Чтобы измерить ту бездну духовного падения, которая отделяет от этого образа современную Россию, достаточно совершить прогулку по Москве за пределами Кремлевских стен и ознакомиться с архитектурою тех "сорока сороков", которыми когда-то Москва славилась. Мы увидим классические памятники безмыслия, а потому и бессмыслия. Когда мы видим церковные луковицы, они почти всегда свидетельствуют об утрате откровения луковицы, о грубом непонимании ее смысла. Под луковичными главами большею частью не чувствуется купола. Раз во всем храмовом здании нет огненного стремления, они не вытекают органически из идеи храма, как его необходимое завершение, а превращаются в бессмысленное внешнее украшение. Они насаживаются на Длинные шейки и, наподобие дымовых труб, механически прикрепляются к крышам церковных зданий.

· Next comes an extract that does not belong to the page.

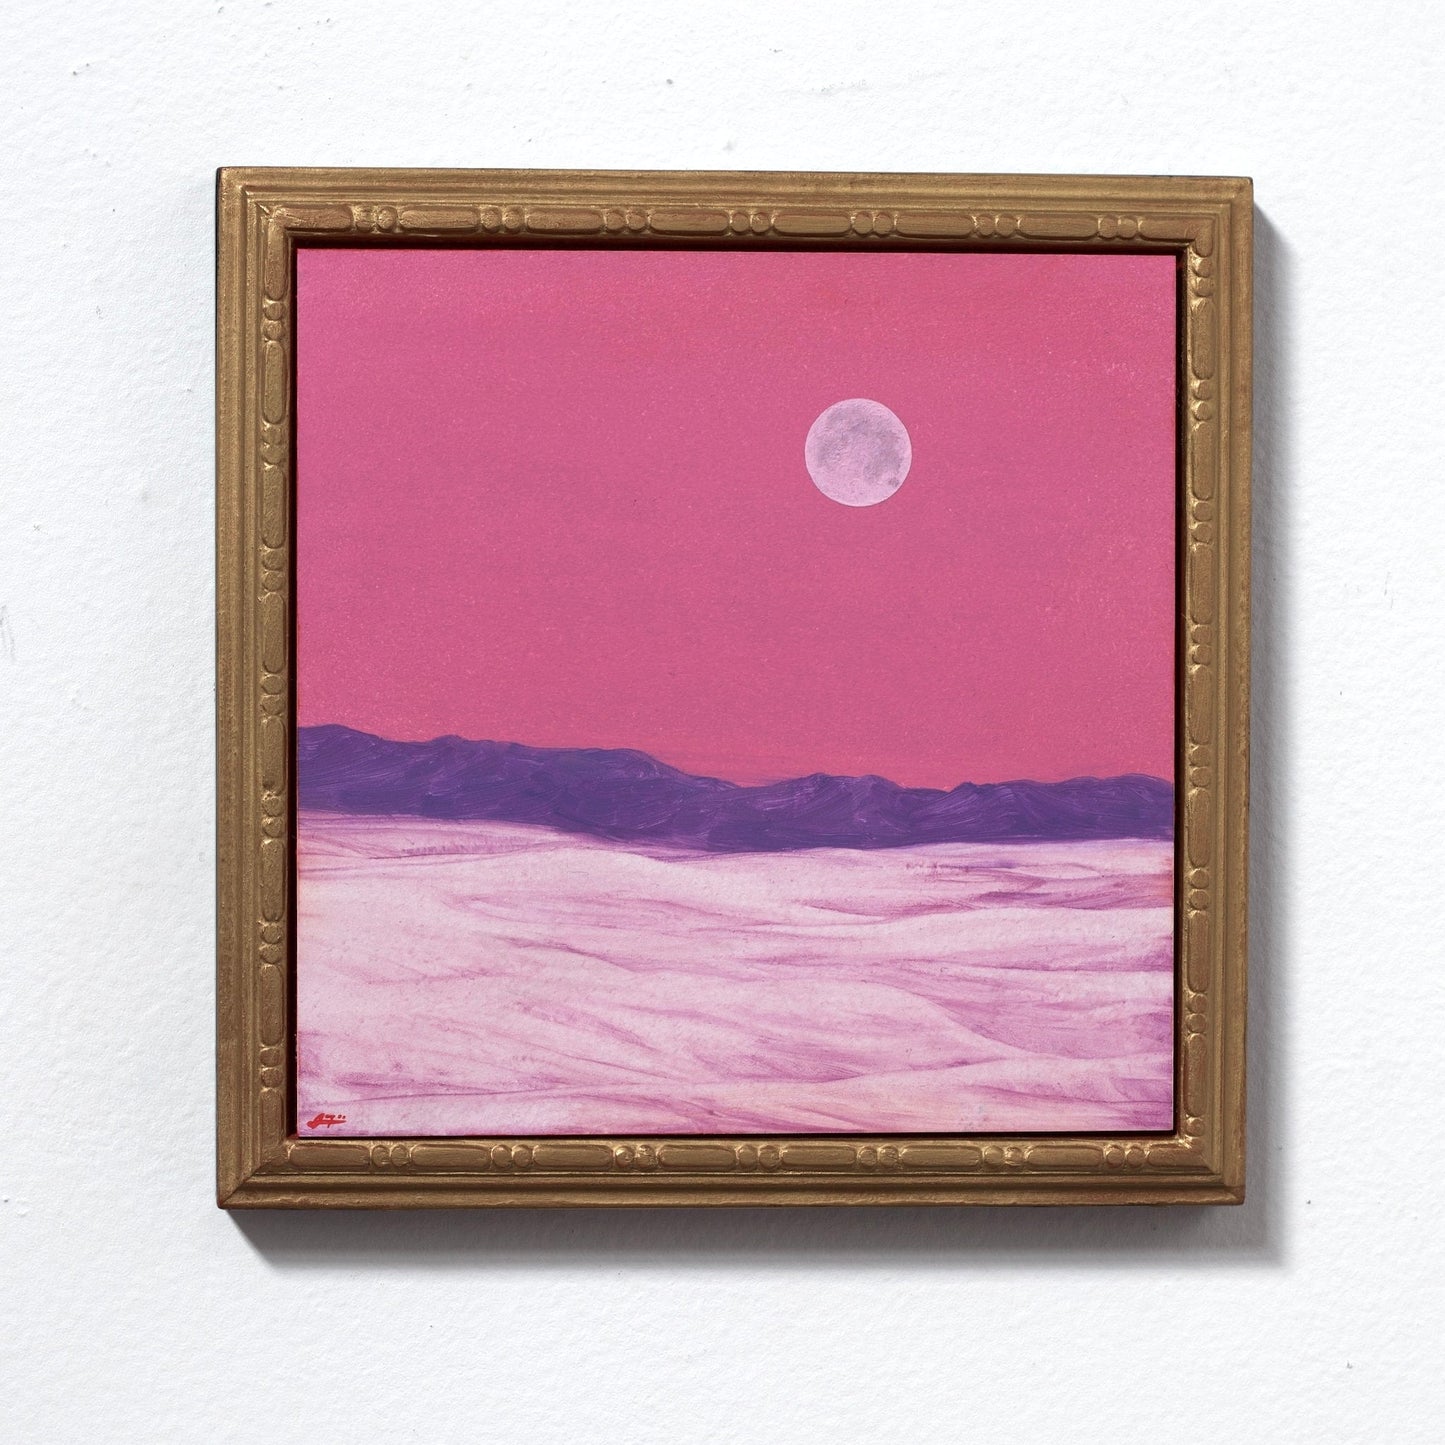 White Sands No.2 - Original Southwest Landscape Oil Painting - 8 x 8 inches in handmade frame

Впрочем, это искажение -- еще меньшее из зол: в Москве можно видеть и худшее. Архитекторы, лишенные вдохновения и утратившие смысл храмовой архитектуры, всегда заменяют идейное завершение церкви или колокольни каким-нибудь внешним украшением; все их помыслы направлены к тому, чтобы чем-нибудь и как-нибудь ее изукрасить. Отсюда рождаются прямо чудовищные изобретения. Иногда завершением колокольни служит золоченая колонна в стиле Empire, которая могла бы служить довольно красивой подставкой для часов в гостиной. Я знаю церковь, где над куполом имеется беседка с колонками Empire, на беседке -- чаша, на чаше что-то вроде репы, над репой шпиль, потом шар и, наконец, крест. Всем москвичам знакома церковь, которая вместо луковицы завершена короной, потому что в ней венчалась императрица Елисавета. И наконец, одним из самых крупных памятников дорого стоящего бессмыслия является храм Спасителя: это -- как бы огромный самовар, вокруг которого благодушно собралась патриархальная Москва.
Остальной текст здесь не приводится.